If the chip is faulty (unlikely but possible) then he is also obligated to either replace or refund (the choice is his). Strictly speaking, he is supposed to return the part to his supplier, who returns it to his supplier, and so on, all the way back to AMD (or whoever) and eventually the replacement works its way back down the chain to you. In practice, the better retailers simply replace it out of stock (so long as this is possible) and bear the cost. By the time you count freight, faxes, packaging, handling and depreciation, this is usually about 50% of the original value of the part. With some items, it's not worth doing — it's cheaper to simply replace it for your customer and throw away the faulty one. Even so, a good retailer does this as routine. It's just good business practice.
All's well that ends well
This is all condensed from two or three email exchanges. The last of them went like this:
Thank you for your detailed and prompt assistance. I was initially angered because I was disappointed in finding out the chip was a 66MHz. In trying to find the usual "most bang for my buck", I had arrived at the AMD K6-2/300, primarily because all of the "blurb" sheets I had read on the product stated it had a 100MHz bus speed. Such documentation is still existent on the net at some sites.
Including this one! This crazy industry just moves too fast sometimes.
This gave me a false impression of what I was getting. Say you went and bought a new Commodore only to get home and find it was a 4 cylinder - originally expecting the standard engine was a six. Similar situation.
It caught us by surprise too! Made life difficult really, because two of our best selling systems used K6/2-300/100 chips. We had to reorganise our system packages quite a bit. In the end we decided to put the price up a little and switch to the K6/2-350/100. (I'm not sure how long we'll be able to get the 333s for — easier to change just once.)

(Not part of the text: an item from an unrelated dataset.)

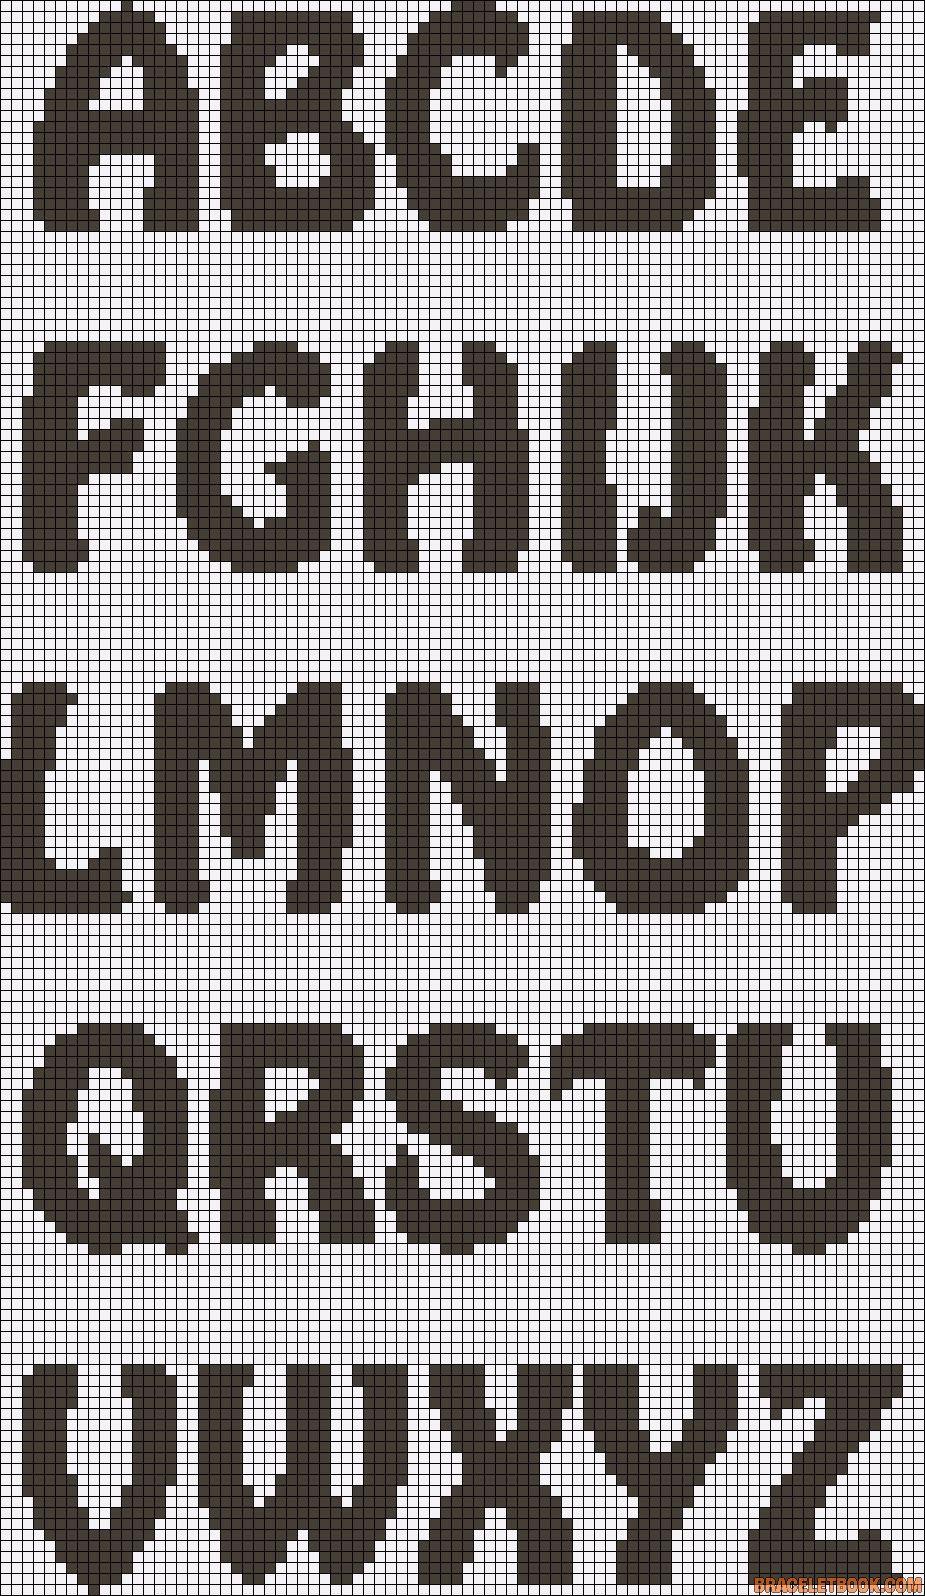 Pin by Martina Ralbovská on KORALKY   Pinterest   Stitch, Chart and ...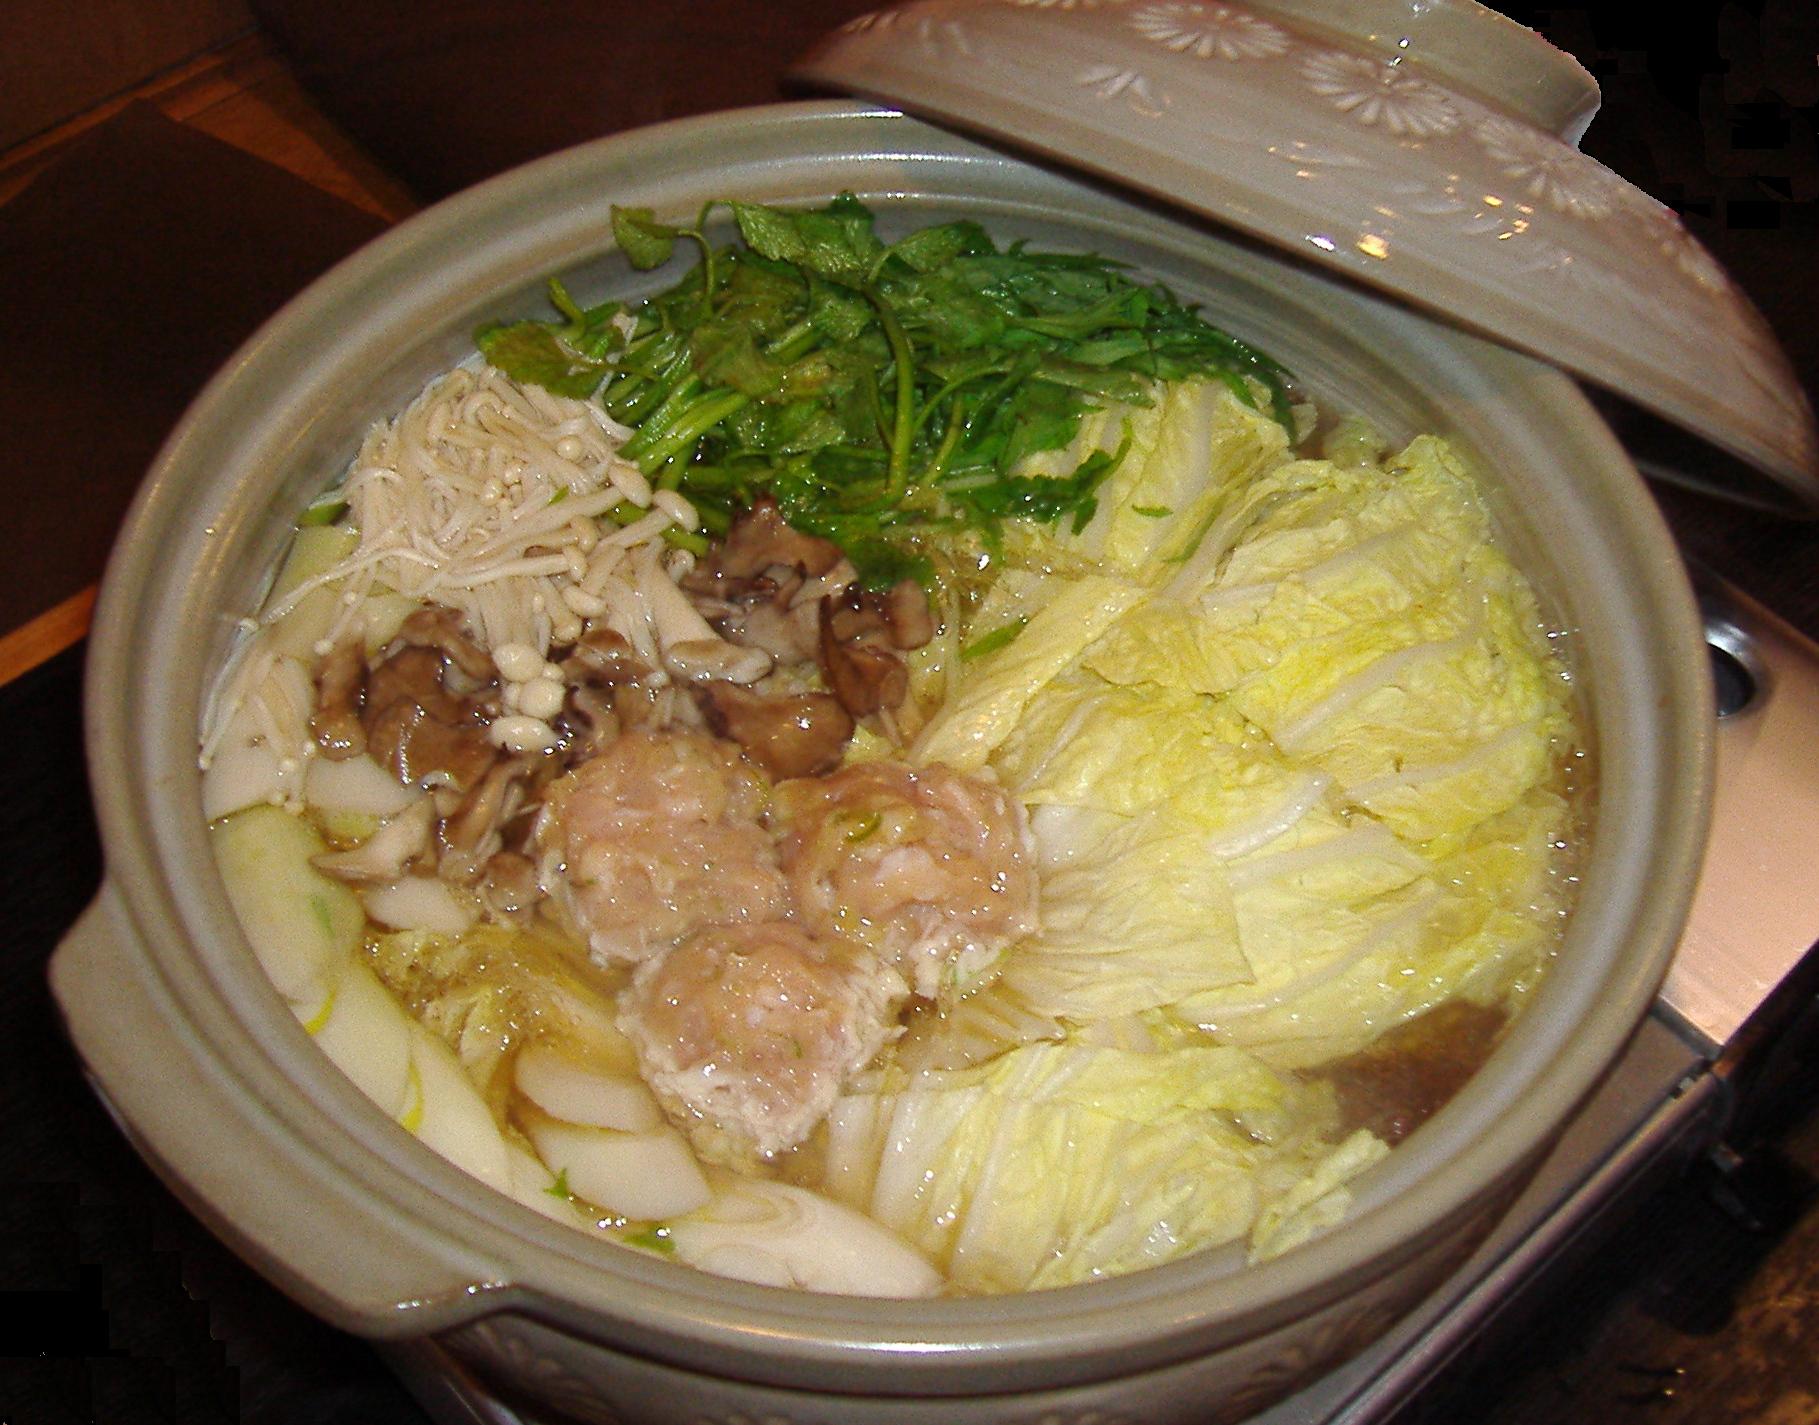 これからの季節にオススメのあったまぁ~る寄せ鍋レシピ5選!のサムネイル画像

Anyhow, I made the trek back to the retailer, armed with printouts of the chip specs I had read. You were right, they were not aware of the two bus speeds available in that CPU! All their stock turned out to be 66MHz, and a full refund was given. To this I added $25 and bought a K6-2/333, which still is not a 100MHz, but 95 is nice and close. (Closer than 66!) It is in its socket and doing nice things.